(Collected data entries)
--- START ---
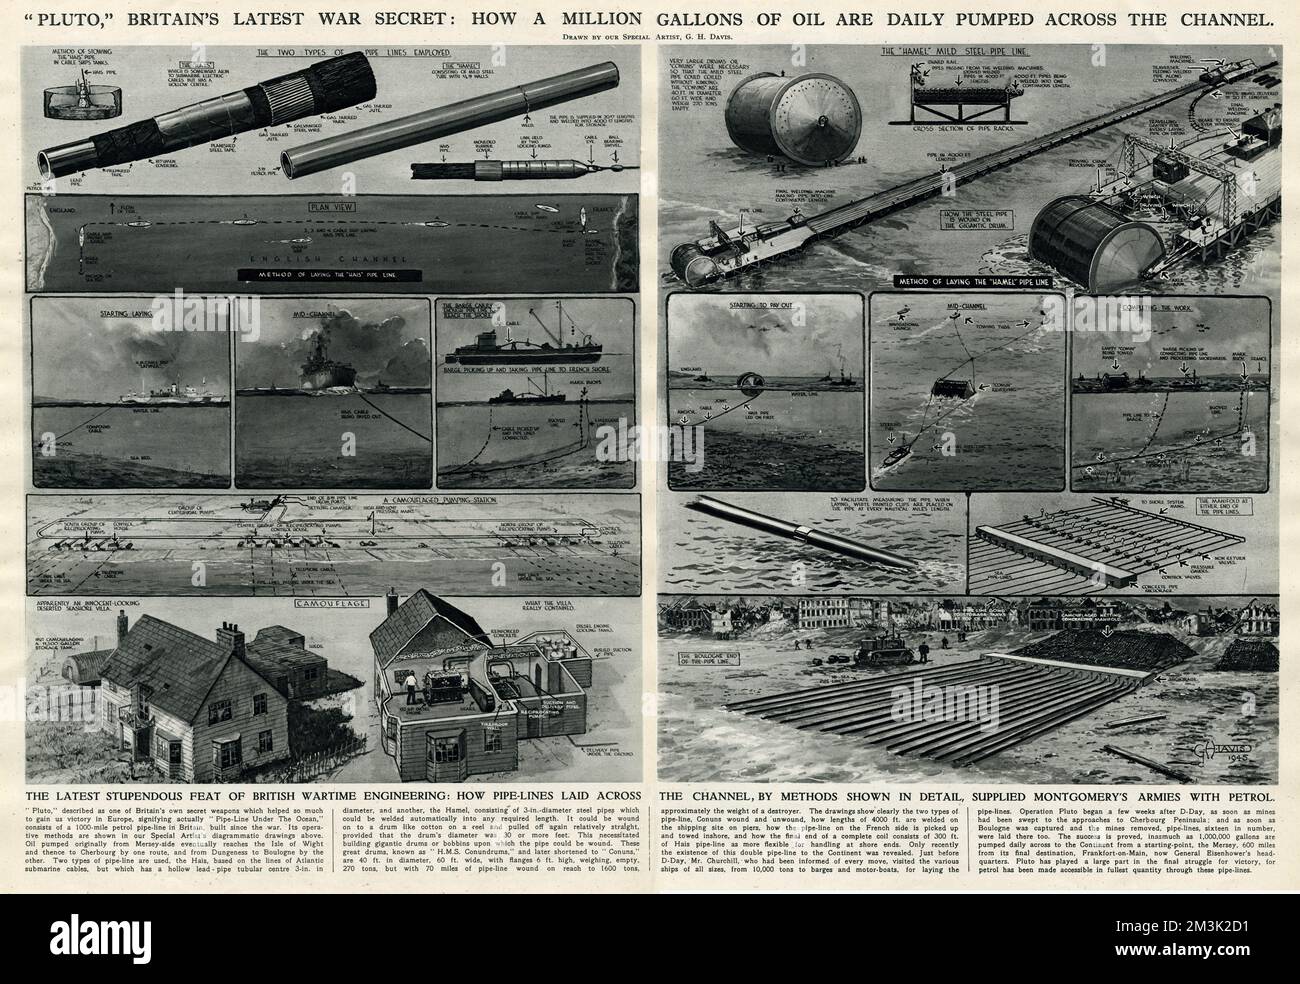 Serie di illustrazioni che mostrano il funzionamento dei tubi 'Plutone' (la linea di tubi sotto l'oceano) attraverso il canale della Manica, che hanno pompato milioni di galloni di benzina dalla Gran Bretagna alla Francia nel corso del 1944 e del 1945. Questo pezzo di ingegneria britannica è stato vitale per il progresso dell'invasione alleata dell'Europa occupata dal luglio 1944 in poi. Data: 1945 Foto Stock
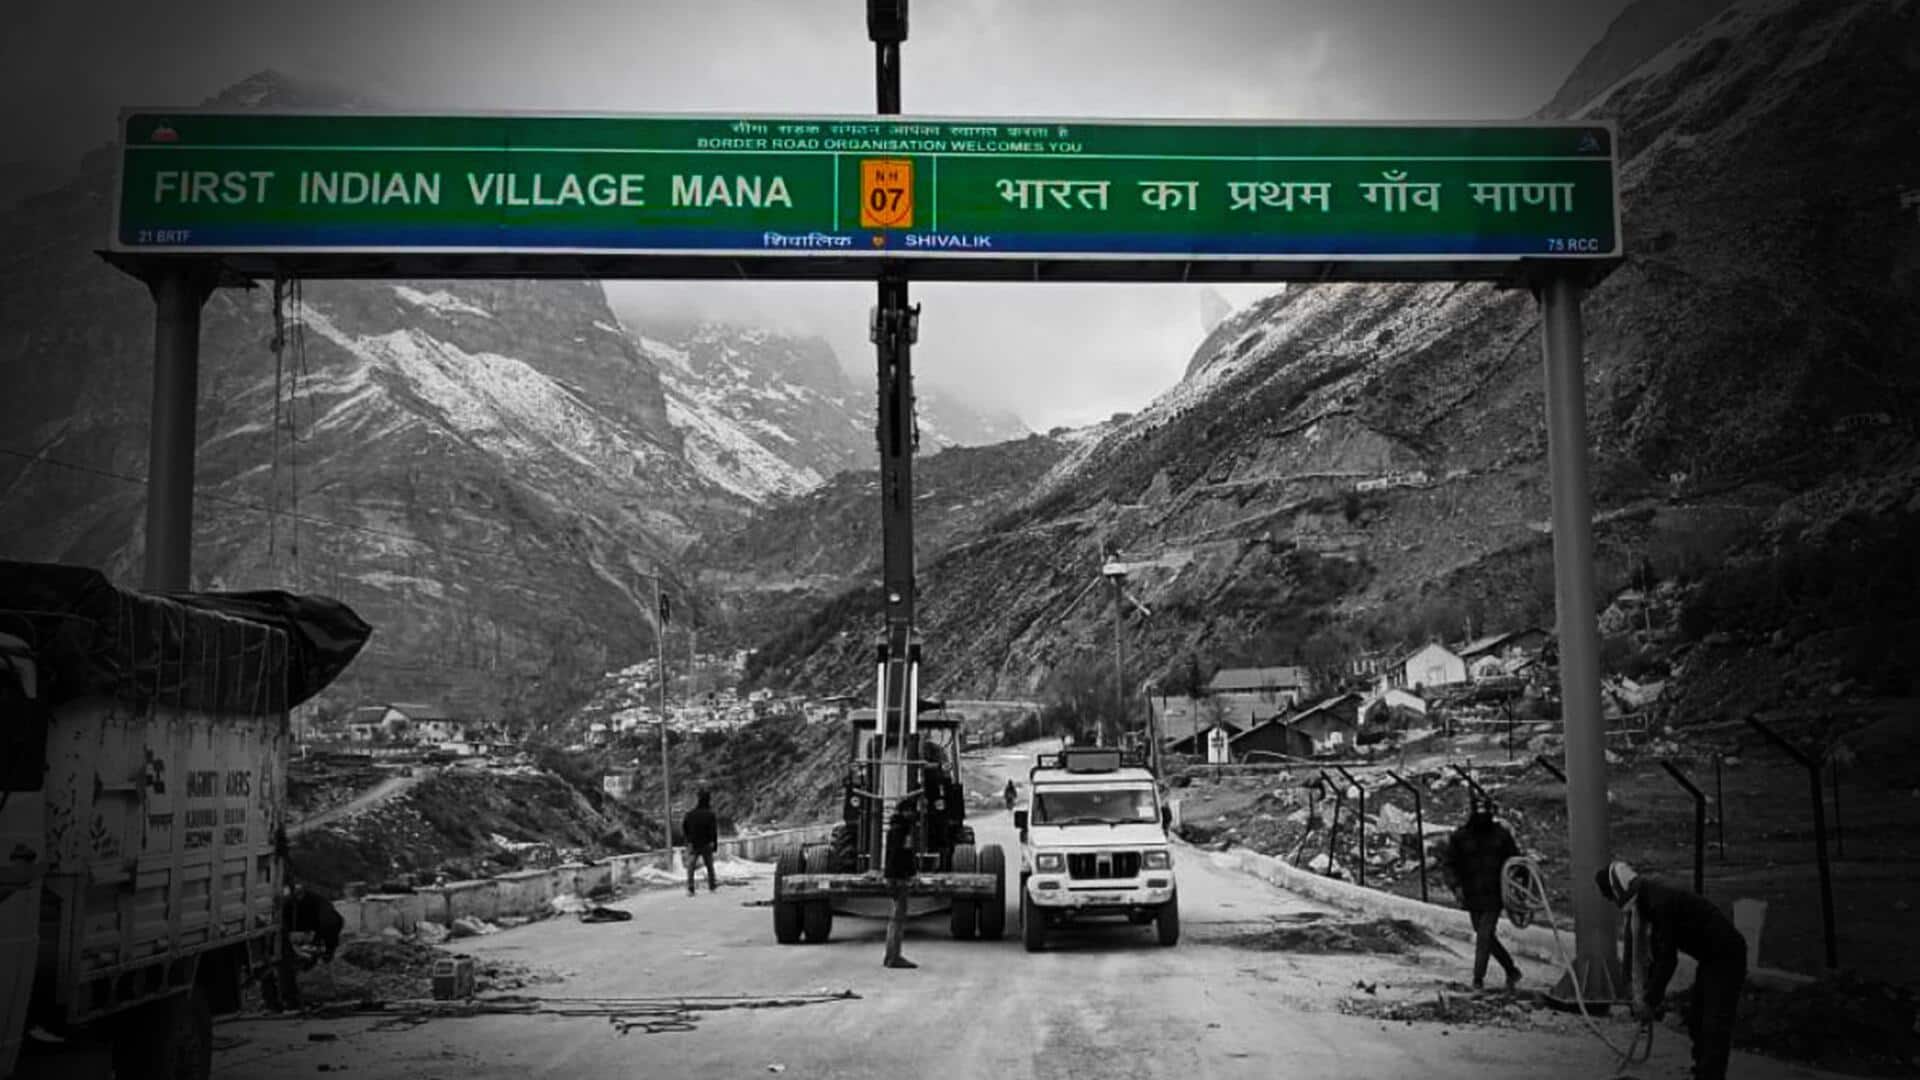 उत्तराखंड में खूबसूरत वादियों से घिरा है भारत का पहला गांव 'माणा', जानिए रोचक तथ्य
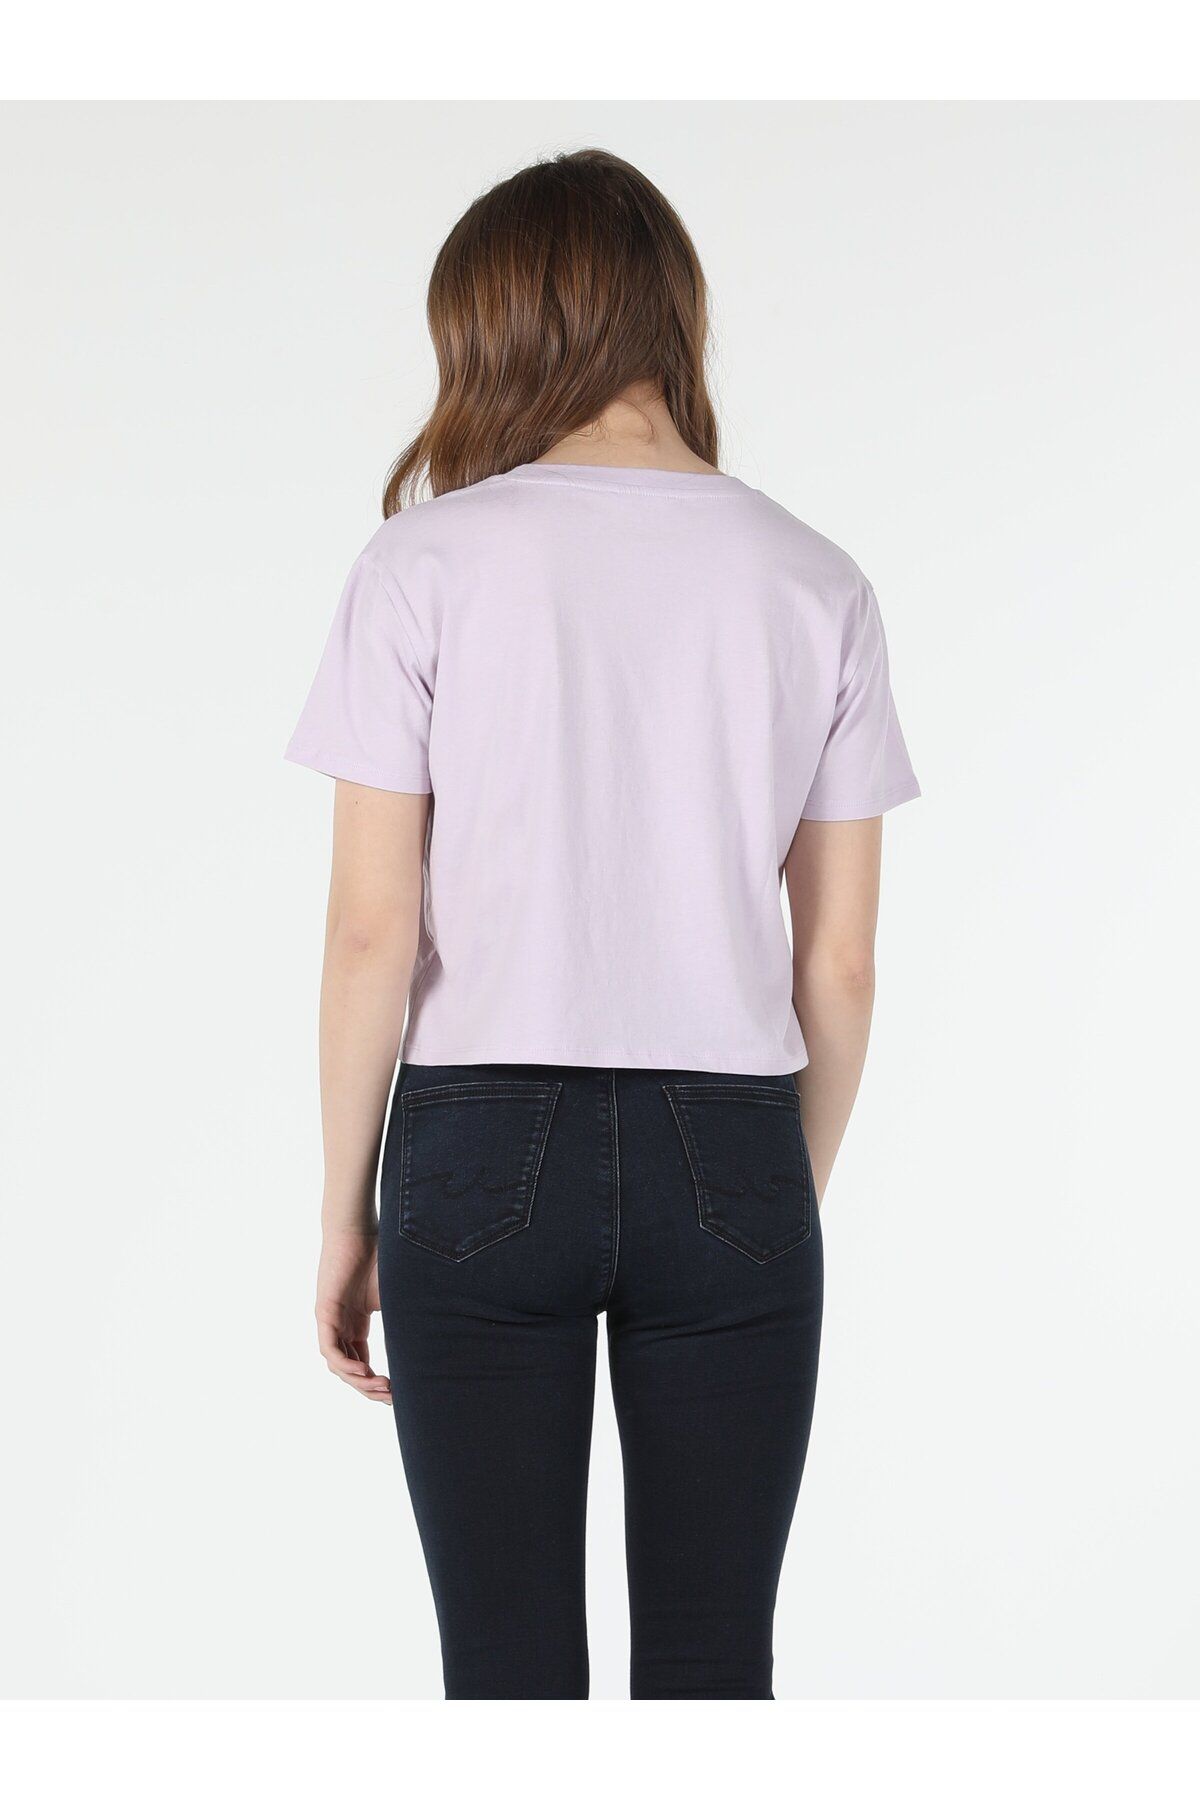 Colin’s تی شرت آستین کوتاه زنانه به رنگ بنفش چاپ شده با یقه ی منظم
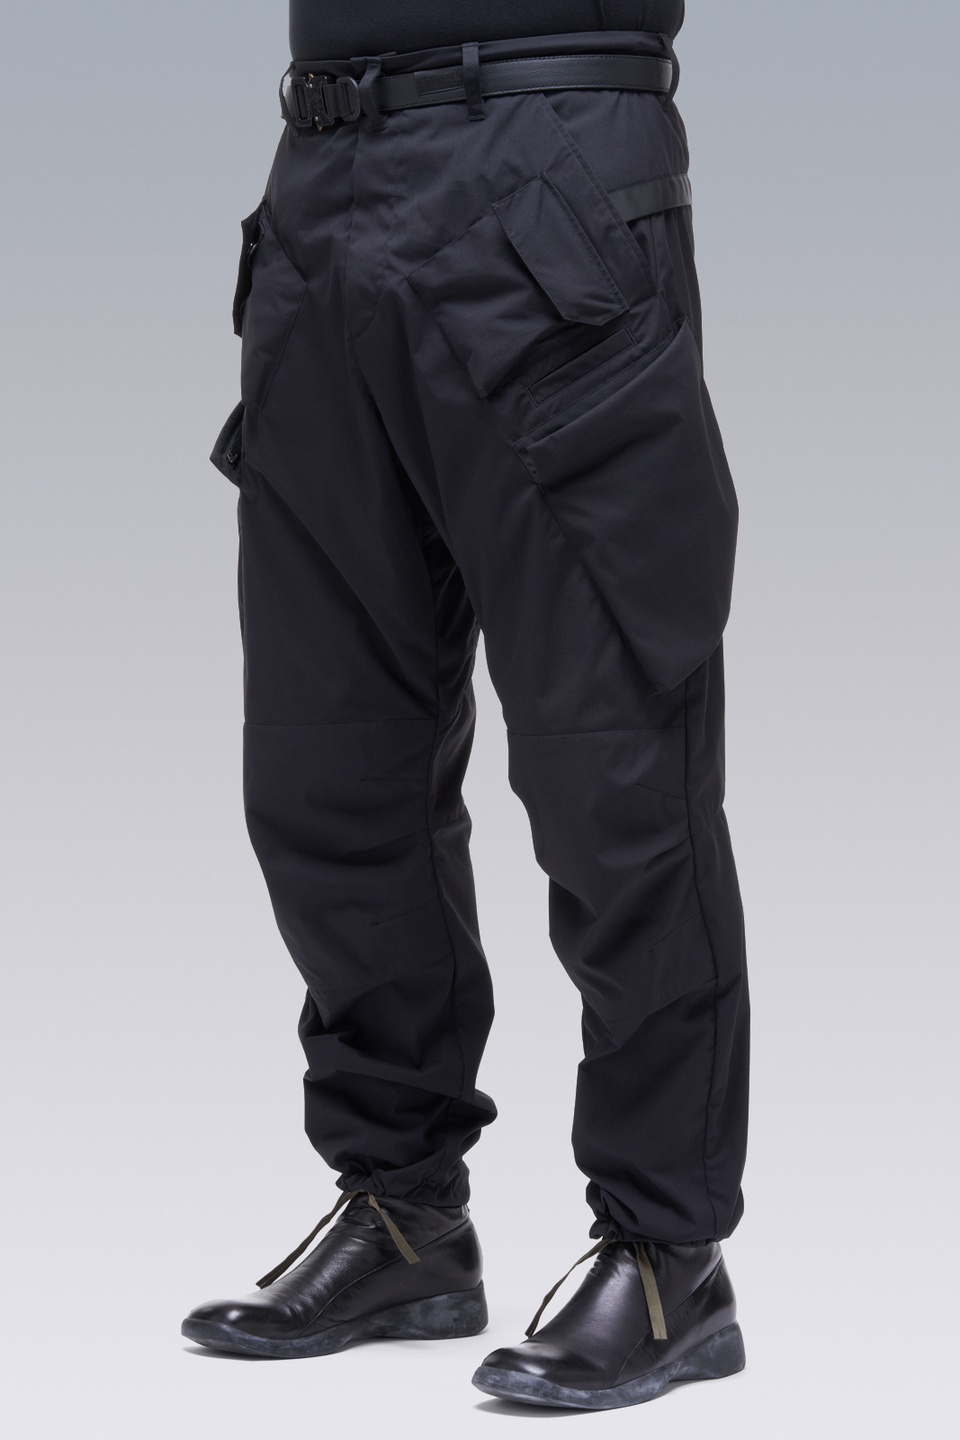 P24A-E Encapsulated Nylon Articulated BDU Trouser Black - 22
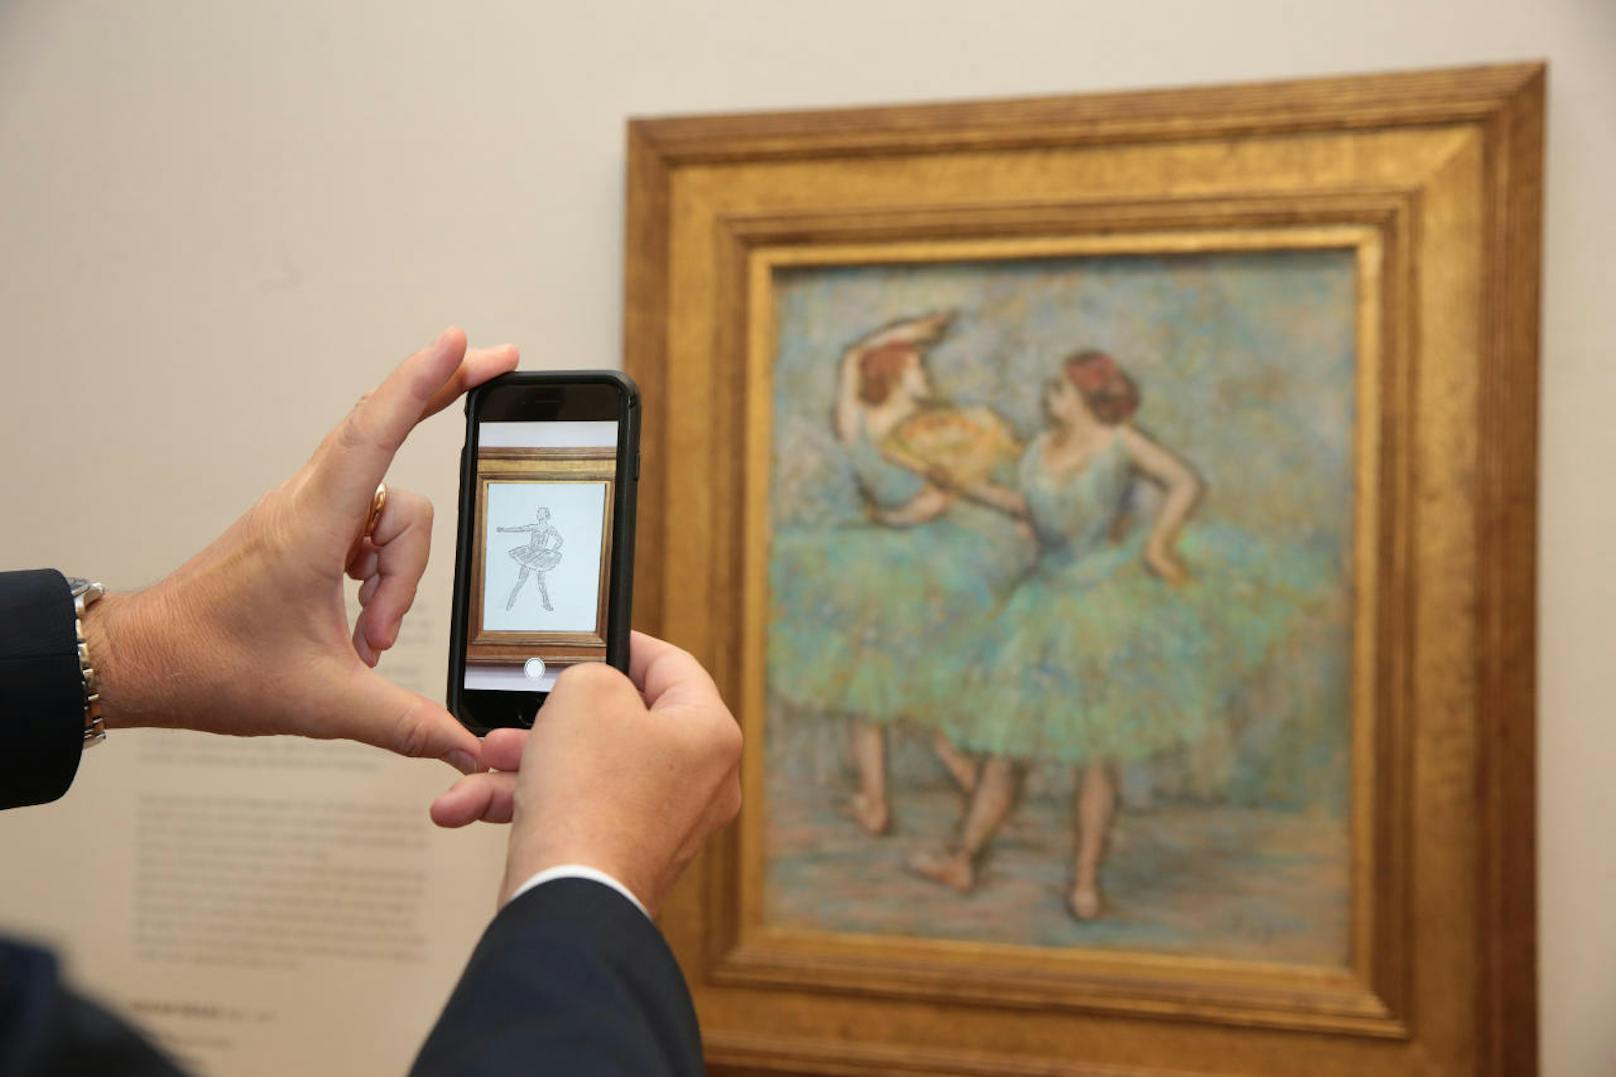 In der Albertina können erstmals in einem europäischen Museum ausgewählte Exponate mithilfe der kostenlosen App Artivive in einer neuen Dimension erlebt werden. Halten Besucher ihr Smartphone oder Tablet vor die Werke, werden die Bilder mittels Animationen oder Videos zum Leben erweckt.
Bild: "Zwei Tänzerinnen", Edgar Degas
--- END ---
§ **What the exercise asks**: Above are some records. Reproduce the lines from the one with "Colin’s تی شرت" down to the one with "P24A-E Encapsulated Nylon", keeping both, and leave every picture out.

§ **Reply**:
 Colin’s تی شرت آستین کوتاه زنانه به رنگ بنفش چاپ شده با یقه ی منظم
 P24A-E Encapsulated Nylon Articulated BDU Trouser Black - 22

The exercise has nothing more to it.